Civic engagement is participation in public activities aimed at influencing and improving the life of the community, beyond private concerns
What does the term ‘flaxroots’ refer to in the context of civic engagement?
It refers to community-level, non-professional organizing often emerging from Māori civic life or local communities.
Name the four principles of civic dialogue outlines in the lesson?
Inclusion, Equality, Publicity, and Reasonableness
What is the role of Tw Tiriti o Waitangi in civic life?
Te Tiriti o Waitangi underpins Māori citizenship and is recognized in law and public institutions, shaping participation, partnership and protection.
What is ‘social enterprise’ as defined in the lesson?
Social enterprise uses market mechanisms to achieve pro-social outcomes, distinct from corporate social responsibility or charity.
How might the principle of ‘inclusion’ apply to a youth-led climate action campaign?
By ensuring all affected stakeholders, including youth, are actively included in decision-making and dialogue.

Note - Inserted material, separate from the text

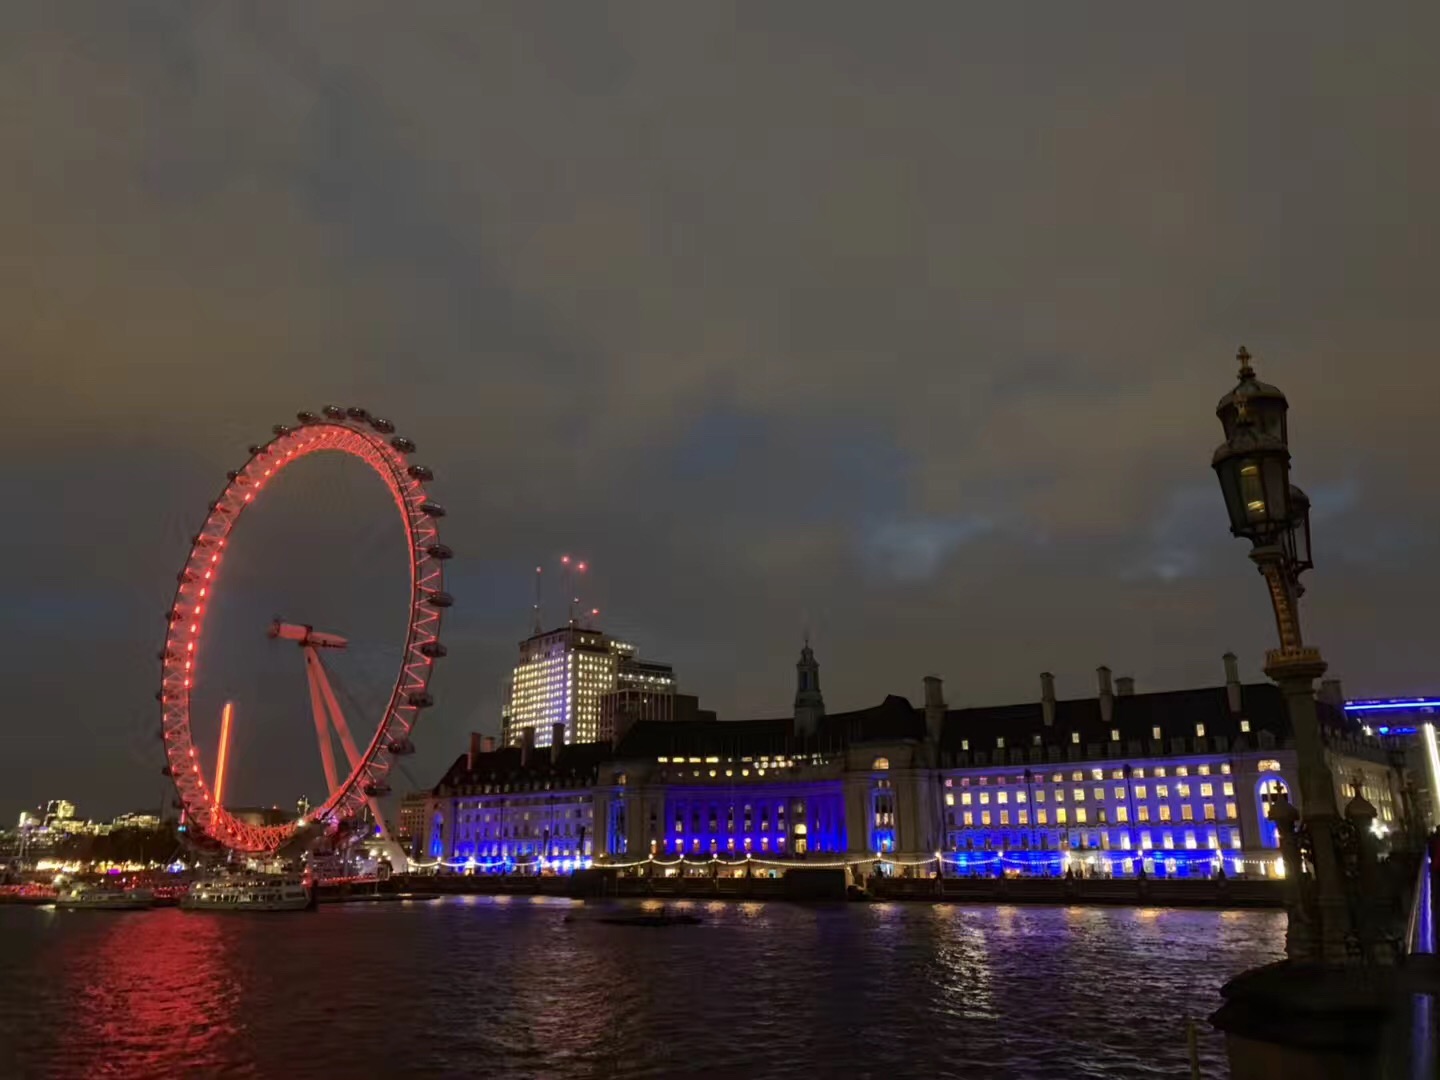 2019伦敦眼_旅游攻略_门票_地址_游记点评,伦敦旅游景点推荐 - 去哪儿攻略社区

In what ways did the Ihumatao campaign embody both Māori and Western civic values?
It used Māori concepts like kiatiakitanga and whanaungatanga, while also embracing public protest, legal channels and media strategies
How does the course define an ‘active citizen’?
An active citizen engages beyond minimum civic duties but participating meaningfully in community and political life to effect positive change.
What challenges can arise from non-Māori leading civic engagement efforts involving Māori communities?
Risks include unintentionally speaking over others, cultural insensitivity, or undermining mana whenua relationships. Additionally, non-Māori may lack an understanding of the historical and cultural contexts that shape Māori perspectives, which can lead to ineffective or disrespectful engagement.
How does civic dialogue differ from casual conversation?
Civic dialogue is public, reasoned, inclusive, and seeks consensus or constructive disagreement on matters of collective concern.
Critically assess how online networks shape civic engagement in both constructive and harmful ways, using examples from contemporary movements.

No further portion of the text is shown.